Geology and Geomorphology

The geomorphic conditions at Carkeek Park tell the story of glaciation around the Puget Sound region. The Vashon Ice Sheet started melting about 50,000 years ago, receding and form Lake Russell in the Pleistocene time period. At the glacier receded, Piper’s Creek and the adjacent drainage system developed from the outwash plain. Plants did well in the region long ago, as evidenced by the peat bogs and low relief topography. When Piper’s Creek was still young, it cut a V-shaped valley into the region, draining the marshy uplands and cutting through the Vashon glacial till, revealing the underlying pre-Vashion Salmon Springs claystone and mudstone soil complex. Sea levels rose from the ice age melt off in the Post=Pleistocene era, so the ability for the creek to cut a ravine was reduced and a small delta formed where the creek enters the Puget Sound. The delta has increased in size since cedar logging operations contributed more eroded material in the early 1900s.
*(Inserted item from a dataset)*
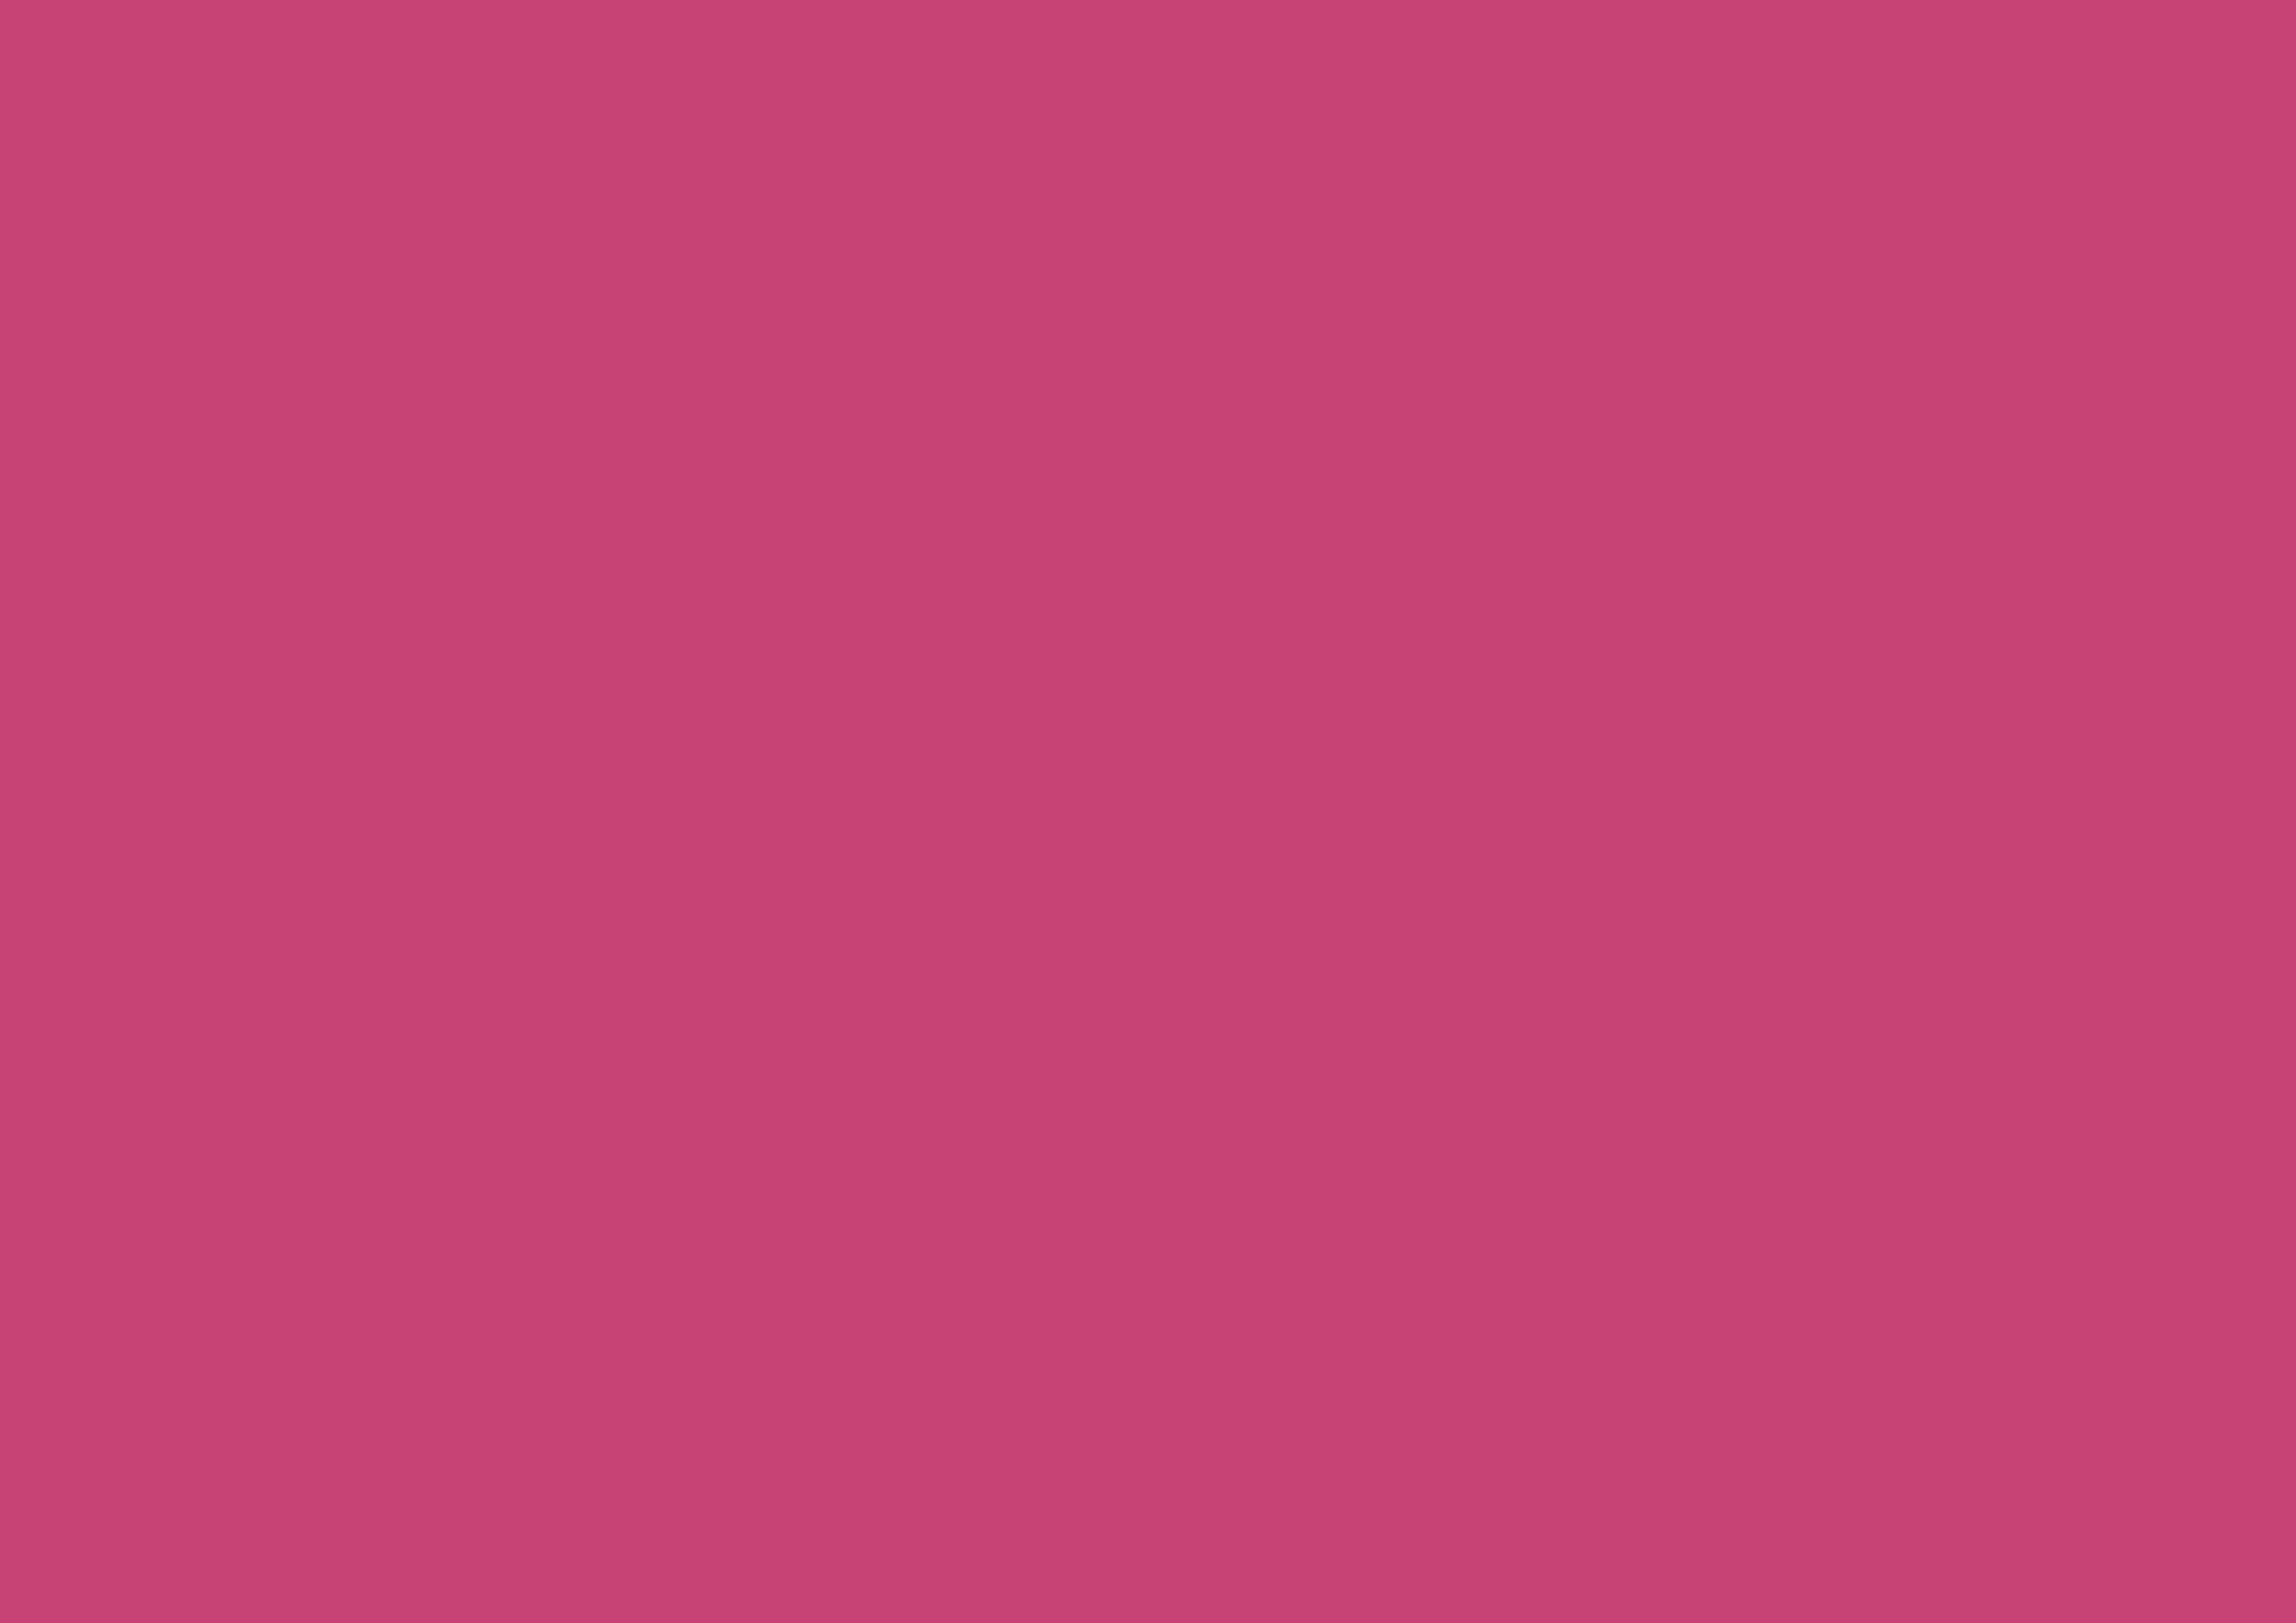 3508x2480 Fuchsia Rose Solid Color Background

As the size of the delta continued to increase and the creek bed matured, water started to cut laterally in constantly changing channels in a flattened valley floor because of the damming effect caused by the construction of a railway roadbed. Later, when a sewage treatment plant was installed in 1949, the feeder sewers led to washouts and pipe breaks, polluting the water and “urbanizing” the creek. Looking from the beach near the delta, you can see the southern tip of Whidbey Island, the Kitsap Peninsula, and the Olympic Mountains (History: Carkeek Park).